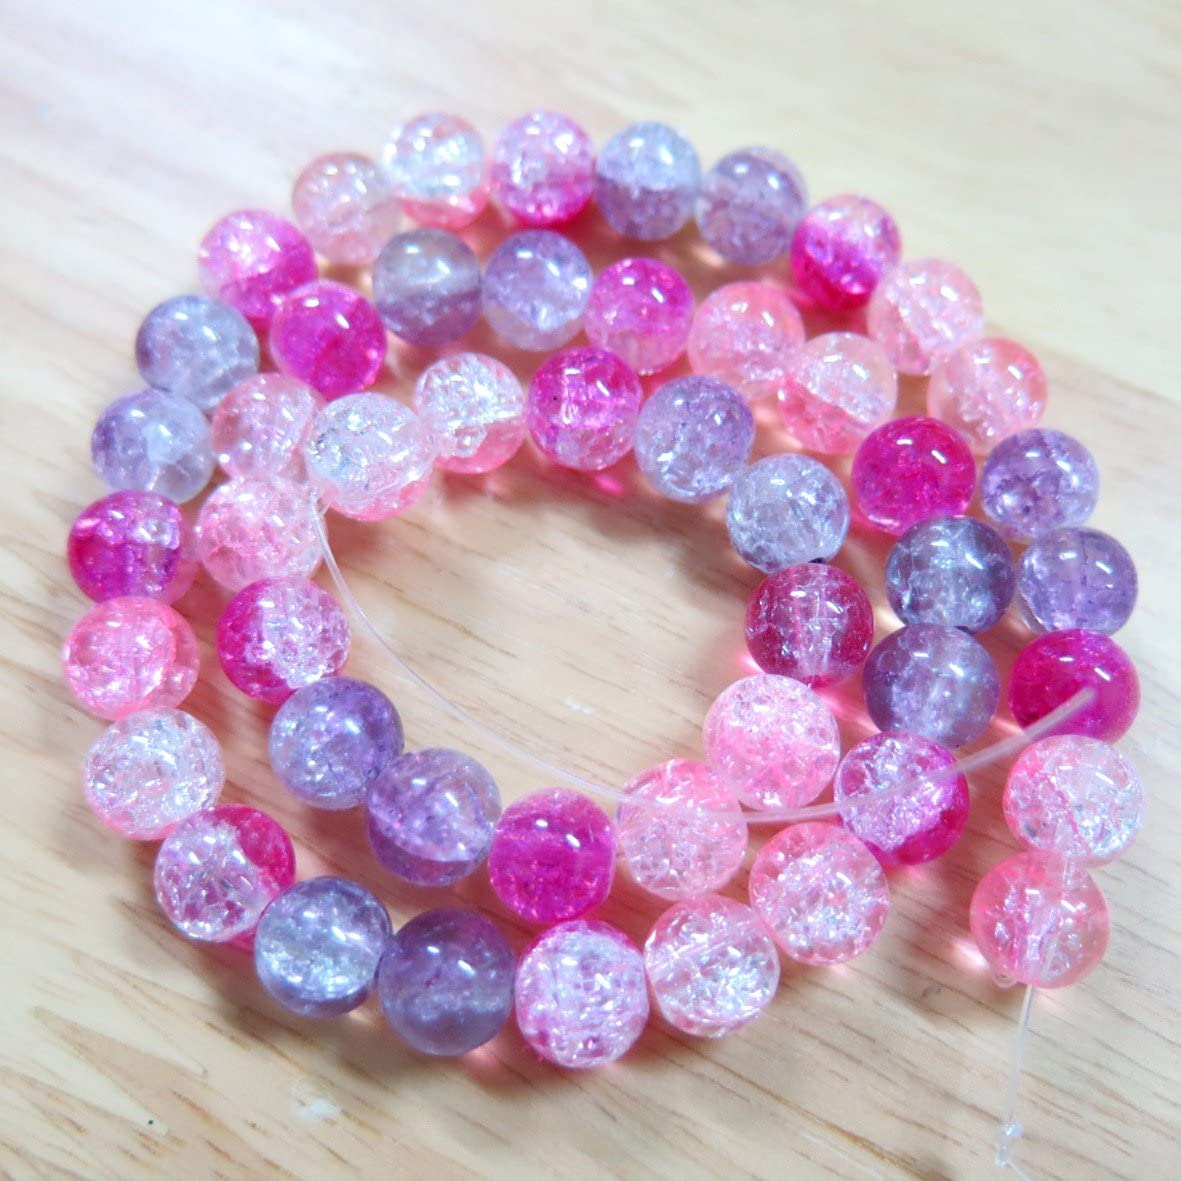 BSI - Mix Color 2-Tone Crackle Lampwork Glass - Loose Beads (50p
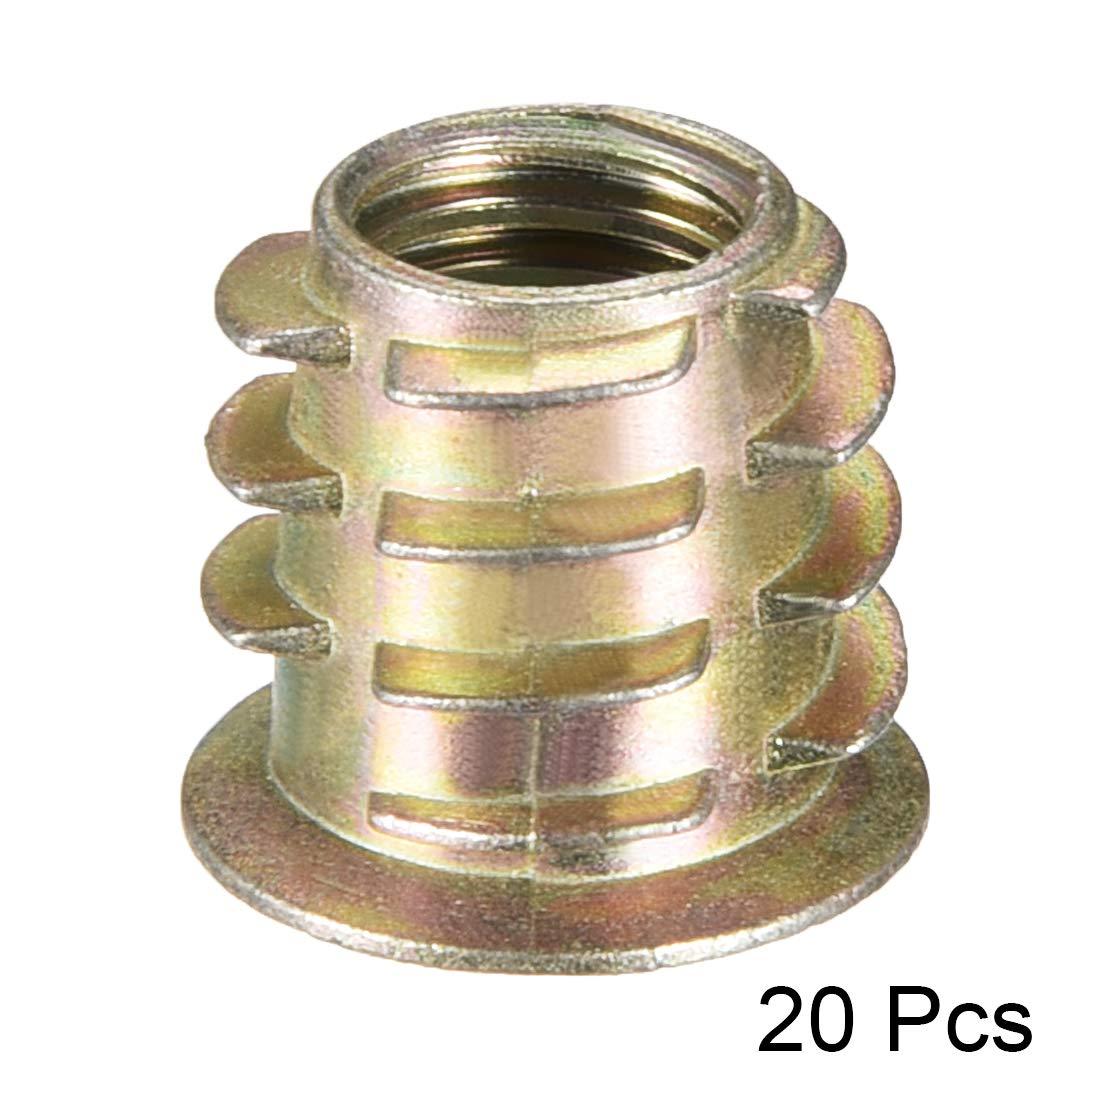 uxcell Wood M10x25mm Hex Socket Screw in Thread Zinc Plated Insert Nut 11Pcs a15062900ux0142
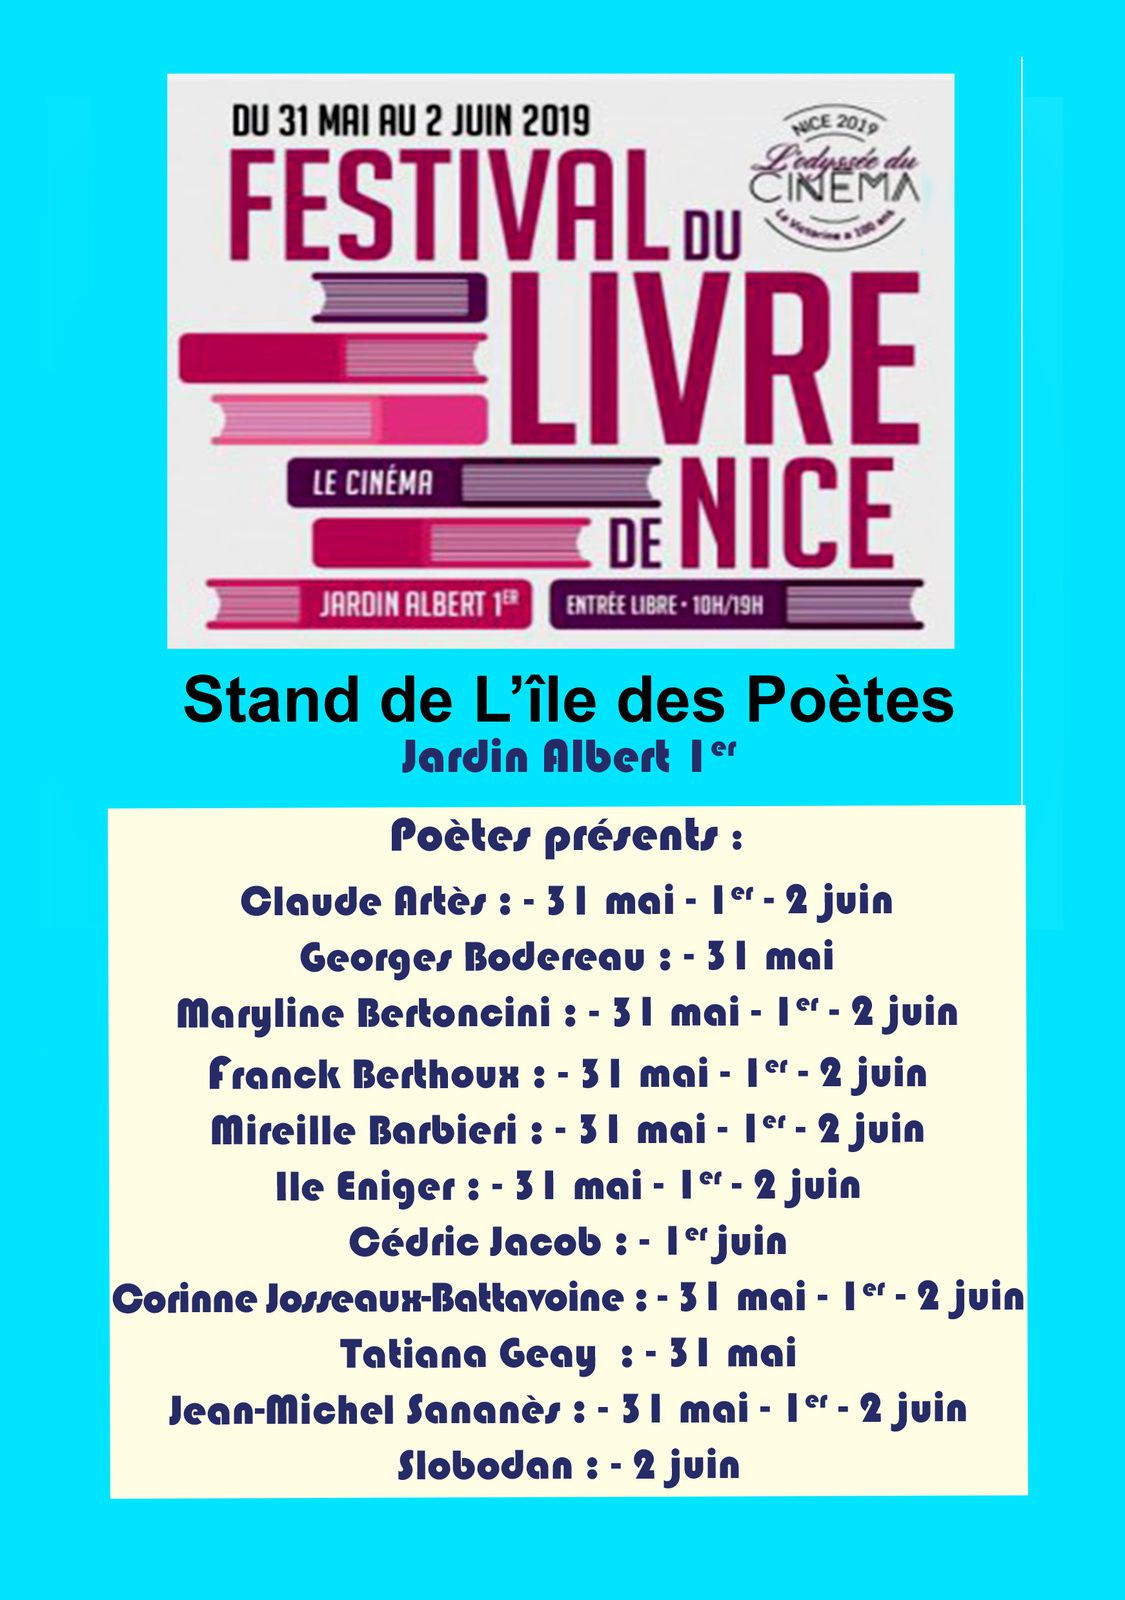 Festival du Livre de Nice - 31 mai, 1er et 2 juin 2019
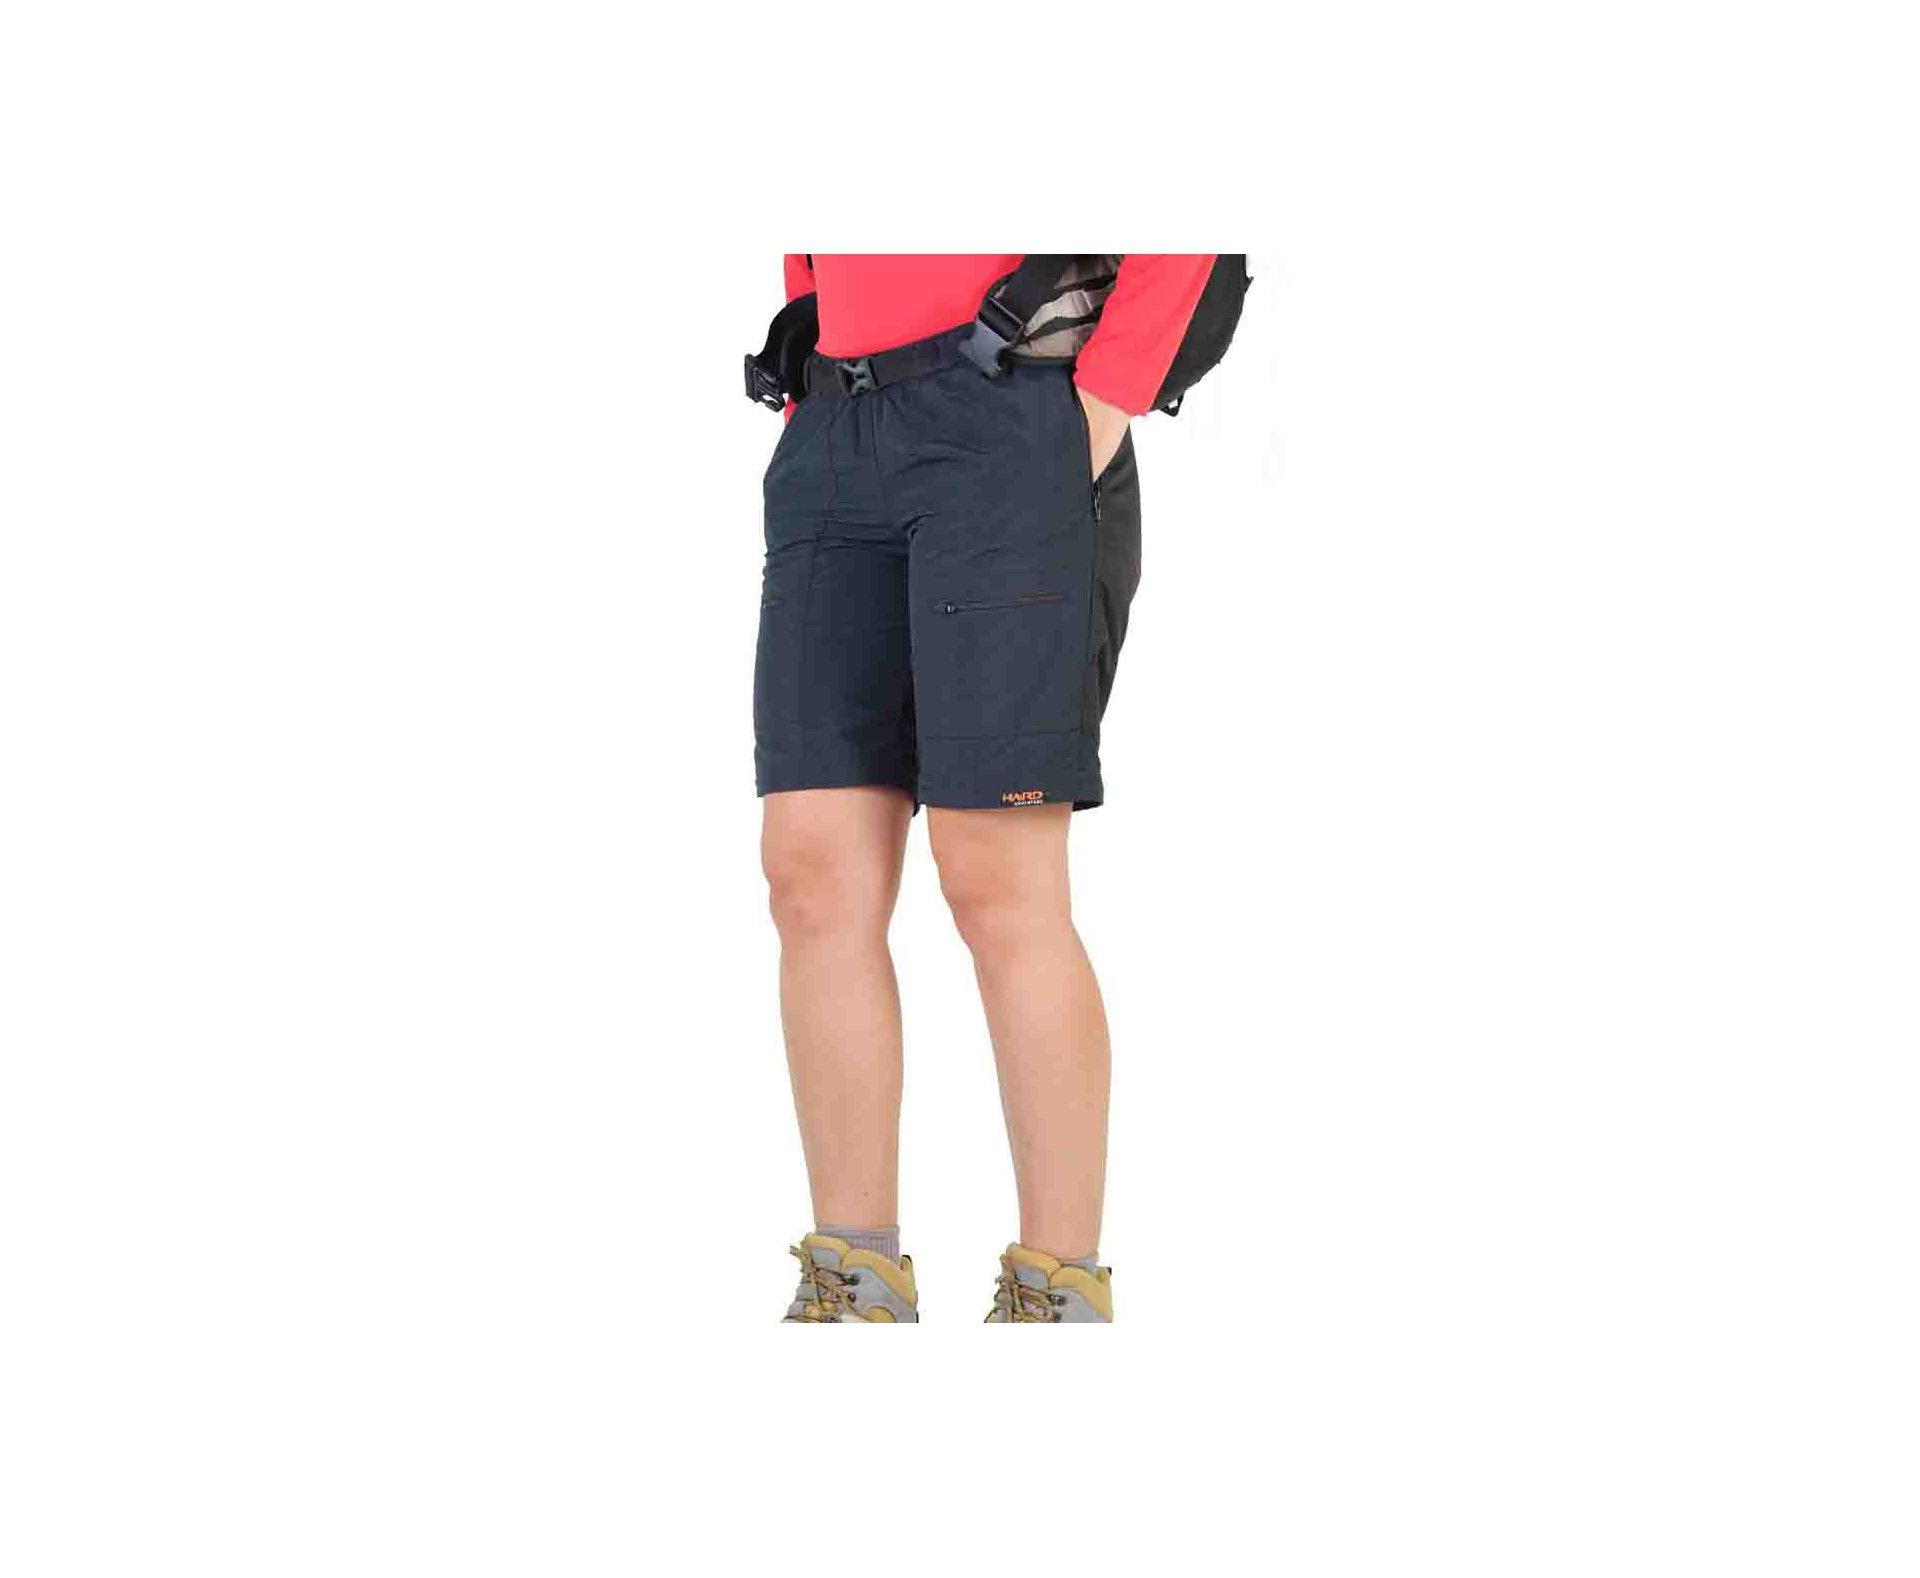 Calça-bermuda Pro Mountain Feminina Preto - Hard - PP

● TASK INSTRUCTIONS
Transcribe the whole listing exactly but exclude images.

● EXERCISE RESPONSE
 BSI - Mix Color 2-Tone Crackle Lampwork Glass - Loose Beads (50p
 uxcell Wood M10x25mm Hex Socket Screw in Thread Zinc Plated Insert Nut 11Pcs a15062900ux0142
 Festival du Livre de Nice - 31 mai, 1er et 2 juin 2019
 Calça-bermuda Pro Mountain Feminina Preto - Hard - PP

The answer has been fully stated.